Your assignment — Below are lines of data; restate word for word those running from the line containing "Knit jumper with" to the line containing "治療B型肝炎，呵護媽媽和寶寶 - 台灣肝臟學術文教基金會", inclusive, and no others.

Records from a collection
====

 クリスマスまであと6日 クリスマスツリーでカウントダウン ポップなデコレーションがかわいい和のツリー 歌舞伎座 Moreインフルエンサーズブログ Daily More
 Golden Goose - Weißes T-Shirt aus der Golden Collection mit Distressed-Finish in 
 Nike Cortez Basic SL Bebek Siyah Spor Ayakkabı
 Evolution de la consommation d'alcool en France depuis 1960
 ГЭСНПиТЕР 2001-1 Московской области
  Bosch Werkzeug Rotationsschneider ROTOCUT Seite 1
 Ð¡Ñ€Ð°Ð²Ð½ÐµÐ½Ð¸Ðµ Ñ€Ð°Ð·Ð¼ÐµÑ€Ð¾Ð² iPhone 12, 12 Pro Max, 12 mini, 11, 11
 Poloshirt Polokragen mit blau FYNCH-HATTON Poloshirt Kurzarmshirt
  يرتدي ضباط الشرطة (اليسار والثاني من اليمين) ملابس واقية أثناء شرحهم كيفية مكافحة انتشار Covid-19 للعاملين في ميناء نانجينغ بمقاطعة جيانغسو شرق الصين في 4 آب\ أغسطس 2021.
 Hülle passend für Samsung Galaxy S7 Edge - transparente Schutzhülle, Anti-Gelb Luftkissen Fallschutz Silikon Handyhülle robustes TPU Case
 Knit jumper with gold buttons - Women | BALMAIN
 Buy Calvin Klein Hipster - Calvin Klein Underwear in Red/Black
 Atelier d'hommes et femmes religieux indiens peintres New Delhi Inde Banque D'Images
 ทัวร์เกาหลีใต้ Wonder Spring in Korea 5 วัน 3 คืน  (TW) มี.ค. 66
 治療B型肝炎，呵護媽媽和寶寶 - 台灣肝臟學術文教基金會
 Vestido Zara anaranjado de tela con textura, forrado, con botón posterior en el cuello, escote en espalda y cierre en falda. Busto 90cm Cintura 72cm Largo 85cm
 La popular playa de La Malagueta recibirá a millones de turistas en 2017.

====

Task result —
 Knit jumper with gold buttons - Women | BALMAIN
 Buy Calvin Klein Hipster - Calvin Klein Underwear in Red/Black
 Atelier d'hommes et femmes religieux indiens peintres New Delhi Inde Banque D'Images
 ทัวร์เกาหลีใต้ Wonder Spring in Korea 5 วัน 3 คืน  (TW) มี.ค. 66
 治療B型肝炎，呵護媽媽和寶寶 - 台灣肝臟學術文教基金會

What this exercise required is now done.